What the task asks. Pull out of the data below the stretch of lines bounded by the one containing "SAP Business Intelligence" and the one containing "Summer loving beauty bag", both bounds included, unchanged.

Available data.
++++++++++

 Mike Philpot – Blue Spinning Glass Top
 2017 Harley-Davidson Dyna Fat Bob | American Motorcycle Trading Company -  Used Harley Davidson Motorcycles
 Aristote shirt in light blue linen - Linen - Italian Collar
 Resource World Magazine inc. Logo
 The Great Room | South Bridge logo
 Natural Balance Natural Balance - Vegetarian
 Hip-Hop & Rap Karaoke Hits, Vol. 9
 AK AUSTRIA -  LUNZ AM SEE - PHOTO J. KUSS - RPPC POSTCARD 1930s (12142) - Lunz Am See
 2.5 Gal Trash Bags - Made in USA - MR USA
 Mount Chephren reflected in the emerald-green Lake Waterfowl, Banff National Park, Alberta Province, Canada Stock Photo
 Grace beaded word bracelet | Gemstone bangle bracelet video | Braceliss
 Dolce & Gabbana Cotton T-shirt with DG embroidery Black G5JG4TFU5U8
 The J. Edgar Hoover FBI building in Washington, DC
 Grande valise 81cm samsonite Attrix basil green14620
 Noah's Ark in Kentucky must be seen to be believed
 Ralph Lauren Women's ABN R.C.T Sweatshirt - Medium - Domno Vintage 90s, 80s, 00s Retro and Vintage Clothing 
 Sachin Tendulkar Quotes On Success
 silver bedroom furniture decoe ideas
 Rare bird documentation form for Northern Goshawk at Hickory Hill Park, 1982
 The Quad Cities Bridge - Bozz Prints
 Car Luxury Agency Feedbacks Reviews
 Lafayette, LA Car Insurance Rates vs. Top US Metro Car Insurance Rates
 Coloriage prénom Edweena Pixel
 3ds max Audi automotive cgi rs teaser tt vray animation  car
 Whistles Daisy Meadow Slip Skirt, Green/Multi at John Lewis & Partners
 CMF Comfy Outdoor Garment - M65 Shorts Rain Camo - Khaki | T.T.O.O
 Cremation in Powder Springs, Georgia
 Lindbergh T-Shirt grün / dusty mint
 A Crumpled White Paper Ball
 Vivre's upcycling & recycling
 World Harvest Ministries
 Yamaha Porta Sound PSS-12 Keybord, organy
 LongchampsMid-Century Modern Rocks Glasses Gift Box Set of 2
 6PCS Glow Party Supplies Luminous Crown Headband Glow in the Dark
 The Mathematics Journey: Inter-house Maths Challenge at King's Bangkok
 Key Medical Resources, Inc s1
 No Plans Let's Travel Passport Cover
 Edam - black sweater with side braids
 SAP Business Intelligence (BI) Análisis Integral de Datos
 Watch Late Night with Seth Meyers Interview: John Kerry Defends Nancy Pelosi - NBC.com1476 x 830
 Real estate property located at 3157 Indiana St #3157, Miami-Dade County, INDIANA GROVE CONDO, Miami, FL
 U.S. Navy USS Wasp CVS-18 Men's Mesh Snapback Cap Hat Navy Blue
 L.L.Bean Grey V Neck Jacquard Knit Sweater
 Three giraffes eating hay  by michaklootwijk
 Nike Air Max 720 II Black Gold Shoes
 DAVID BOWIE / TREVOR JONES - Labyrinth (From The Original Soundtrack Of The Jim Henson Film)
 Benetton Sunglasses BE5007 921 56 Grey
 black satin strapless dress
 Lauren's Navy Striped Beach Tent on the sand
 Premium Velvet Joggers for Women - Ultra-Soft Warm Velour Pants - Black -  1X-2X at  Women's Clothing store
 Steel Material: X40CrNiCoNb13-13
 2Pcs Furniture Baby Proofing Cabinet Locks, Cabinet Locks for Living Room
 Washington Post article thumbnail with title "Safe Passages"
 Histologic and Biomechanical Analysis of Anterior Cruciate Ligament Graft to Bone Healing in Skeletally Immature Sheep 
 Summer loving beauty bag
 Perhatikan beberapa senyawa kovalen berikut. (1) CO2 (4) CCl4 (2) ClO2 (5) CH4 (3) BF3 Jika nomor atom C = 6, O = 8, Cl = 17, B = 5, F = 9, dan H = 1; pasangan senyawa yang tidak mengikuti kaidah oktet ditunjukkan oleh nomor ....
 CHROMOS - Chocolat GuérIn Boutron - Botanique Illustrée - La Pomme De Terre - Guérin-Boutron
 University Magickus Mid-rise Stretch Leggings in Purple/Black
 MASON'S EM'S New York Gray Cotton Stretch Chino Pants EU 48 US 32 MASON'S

++++++++++

Solution for this exercise.
 SAP Business Intelligence (BI) Análisis Integral de Datos
 Watch Late Night with Seth Meyers Interview: John Kerry Defends Nancy Pelosi - NBC.com1476 x 830
 Real estate property located at 3157 Indiana St #3157, Miami-Dade County, INDIANA GROVE CONDO, Miami, FL
 U.S. Navy USS Wasp CVS-18 Men's Mesh Snapback Cap Hat Navy Blue
 L.L.Bean Grey V Neck Jacquard Knit Sweater
 Three giraffes eating hay  by michaklootwijk
 Nike Air Max 720 II Black Gold Shoes
 DAVID BOWIE / TREVOR JONES - Labyrinth (From The Original Soundtrack Of The Jim Henson Film)
 Benetton Sunglasses BE5007 921 56 Grey
 black satin strapless dress
 Lauren's Navy Striped Beach Tent on the sand
 Premium Velvet Joggers for Women - Ultra-Soft Warm Velour Pants - Black -  1X-2X at  Women's Clothing store
 Steel Material: X40CrNiCoNb13-13
 2Pcs Furniture Baby Proofing Cabinet Locks, Cabinet Locks for Living Room
 Washington Post article thumbnail with title "Safe Passages"
 Histologic and Biomechanical Analysis of Anterior Cruciate Ligament Graft to Bone Healing in Skeletally Immature Sheep 
 Summer loving beauty bag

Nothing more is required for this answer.